Witness This British Politician Crash and Burn in a Live Interview

Feb 24, 2015

A warning for anyone with a crippling fear of freezing up while public speaking or being interviewed: This gets awkward.

U.K. Green Party leader Natalie Bennett appeared on a London radio station Tuesday to unveil her party's manifesto ahead of the country's general election in May. Although the Green Party currently exists on the margins of national politics in the U.K., with just one elected member of parliament, it has big proposals to introduce a universal welfare payment or "citizen's income" of 72 pounds ($111) a week, and to build 500,000 public housing units.

The problem came when the interviewer, Nick Ferrari of London broadcaster LBC, asked how her party proposed to pay for all those new homes. Her answer—that it would remove tax breaks for private landlords—did not satisfy her interlocutor, who pressed the question as British interviewers tend to do. And that's when things began to get excruciating:

Ferrari: The cost of 500,000 homes, let's start with that. How much would that be?
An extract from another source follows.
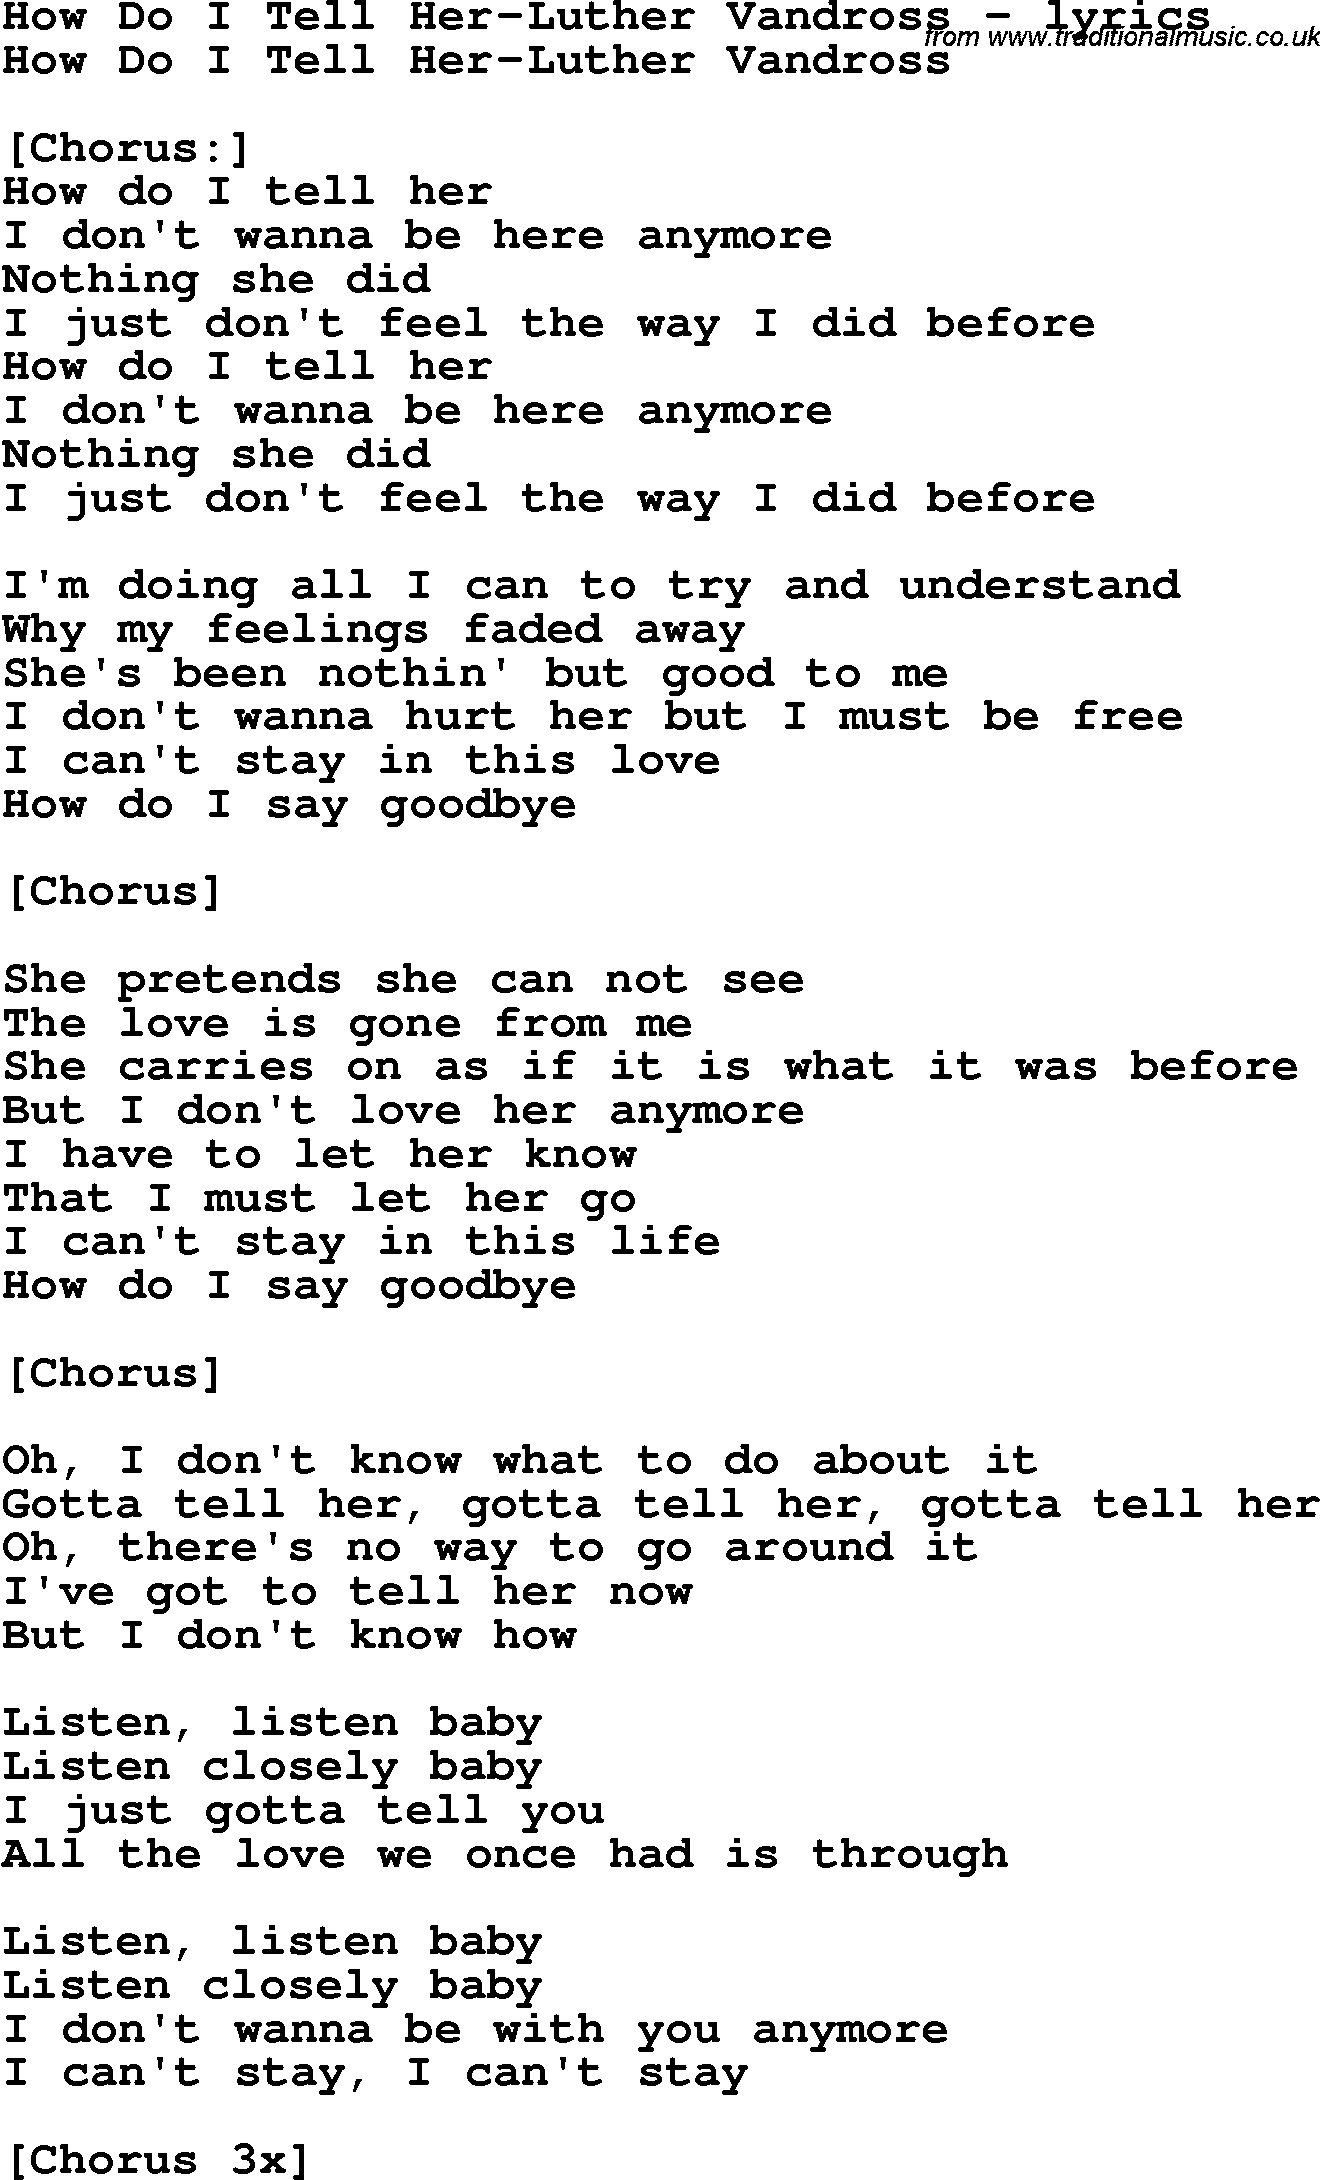 Luther Vandross Love Songs Lyrics Love Song Lyrics For How do i

Bennett: "Right, well, that's, erm... you've got a total cost... erm... that we're... that will be spelt out in our manifesto.

Ferrari: So you don't know?

Bennett: No, well, err.

Ferrari: You don't, ok. So you don't know how much those homes are going to cost, but the way it's going to be funded is mortgage relief from private landlords. How much is that worth?

Bennett: Right, well what we're looking at with the figures here. Erm, what we need to do is actually... uh......... we're looking at a total spend of £2.7... billion.

Ferrari: 500,000 homes, £2.7billion? What are they made of, plywood?

Bennett later apologized for suffering a "mind blank" during the LBC interview. "I am very happy to confess that and I am very sorry to the Green Party members who I did not do a very good job representing our policies on," she said. "That happens, I am human."